In case you haven't ate clams, this is what is inside. I think they are delicious. But this was a first, I'd never seen them dried before.
Lunch time!  We went upstairs to enjoy some very fresh fish.  Here are our sidedishes.  Crab legs (my favorite), shell things??, sweet potatoes, fish, kimchi, seaweed, peapods, and some salad.
 I had never eaten these before...I don't know what they were.  They were pretty good though.
 Fish
 crab legs
 Seafood in Korea can be difficult to eat at times because they don't really serve it, "ready-to-eat."  There is a bit of work involved.  There are no tools given with the crab legs.  Here, Rozalia is trying to get some meat out with her chopsticks...haha.  This is when the Koreans look at us funny and laugh.

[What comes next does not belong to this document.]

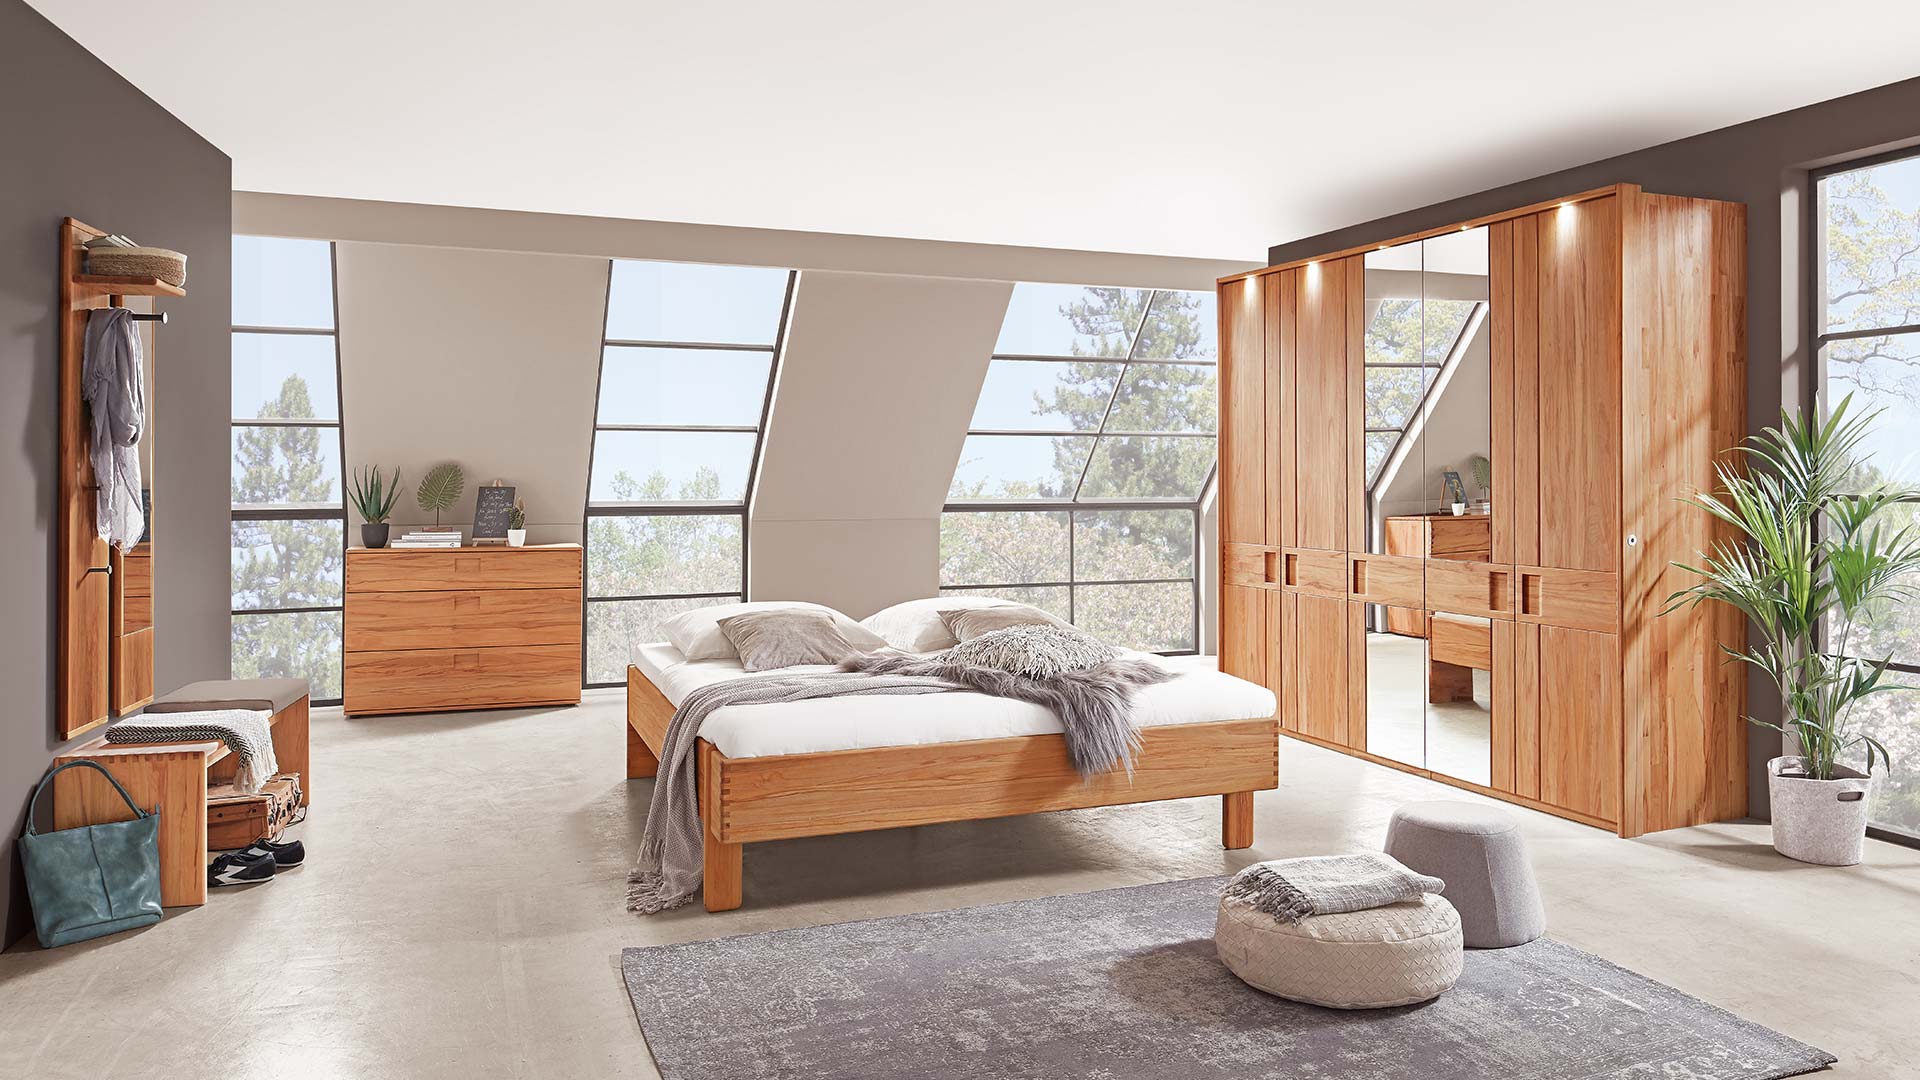 Schlafzimmersystem in einem beigen Schlafzimmer mit Massivholzbett in Eiche oder Buche mit Nachttisch, Kleiderschrank mit Spiegel und Kommode und Garderobe mit Spiegel.

 Korean Seafood Pancake...love these!  I have to figure out how to make them!
 Shrimp.
 And now for the main course...sashimi...raw fish on a bed of noodles.  I love the fake bonsei tree for ambience.
 I like this photo because it looks like the man in the poster is joining us.

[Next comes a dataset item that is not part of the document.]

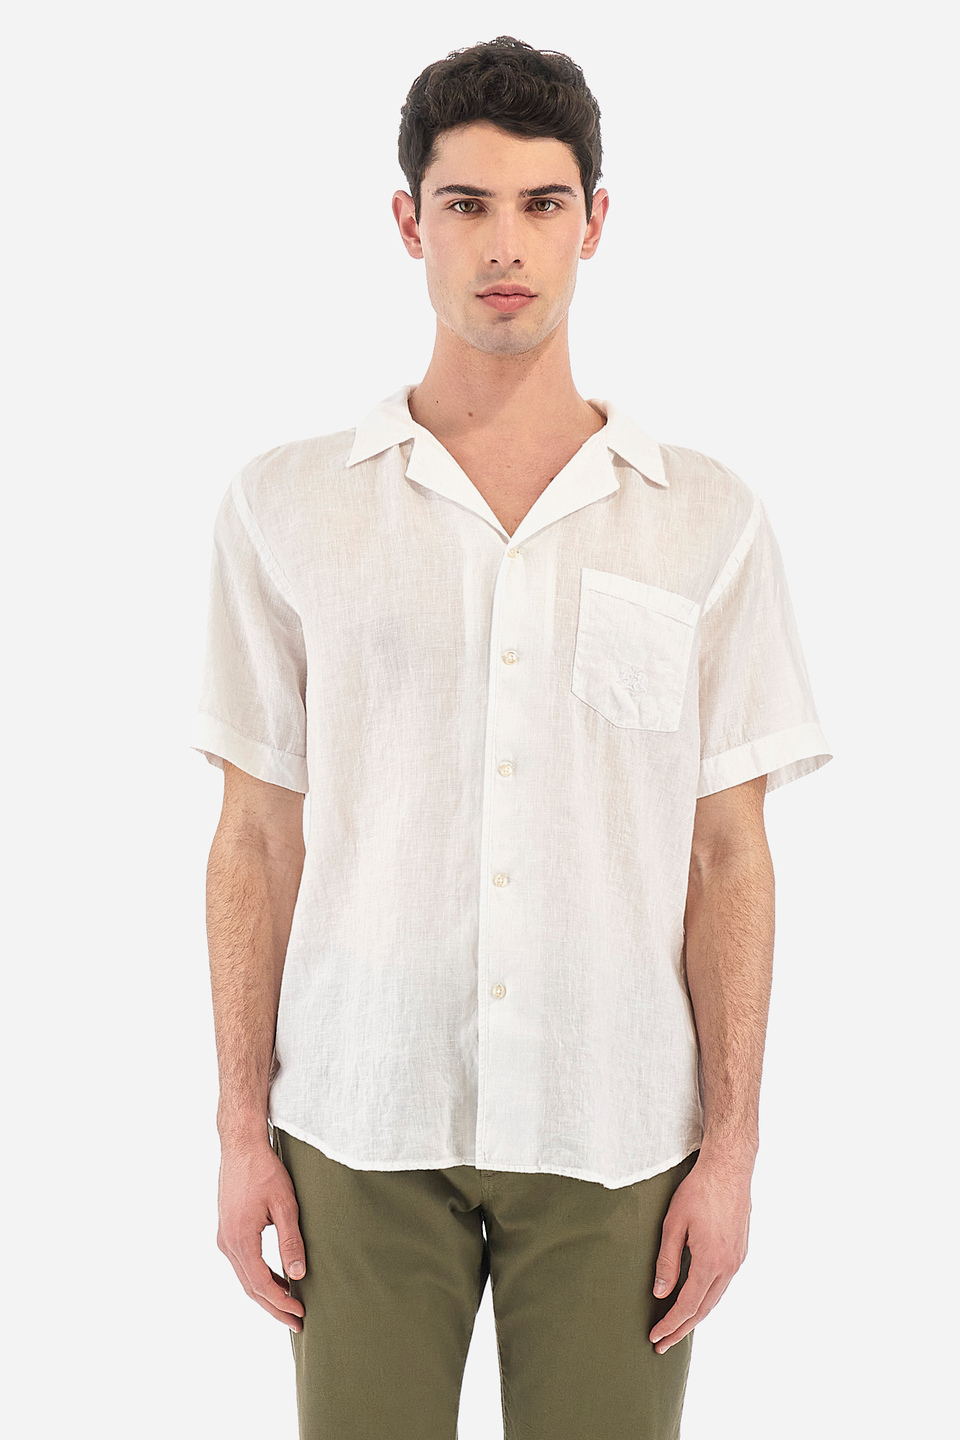 Regular fit 100% linen short-sleeved men's shirt - Varoun Optic White ...

 Dip the sashimi in the sauce and eat...delish!
 We also had barbequed fish.  Again, it never comes "ready-to-eat" but I've learned to de-bone my fish with chopsticks quite well by now.
 You use a toothpick to pick out the "meat" in the shell...
 Korean food often ends with some soup.  Here we have a delicious fish soup.
 I saw this building on the way back to the hotel.  I guess they can get away with it because no one really knows what it means.
Well, that about wraps up my time in Busan.  Busan is the second largest city in Korea and is located in the southeast.  It is a huge port city.  I really like Busan because it is a big city that has everything you need, beautiful beaches, and it isn't as fast-paced as Seoul.  The people seemed a bit more friendly and not so high-strung.  I hope to make it back to Busan.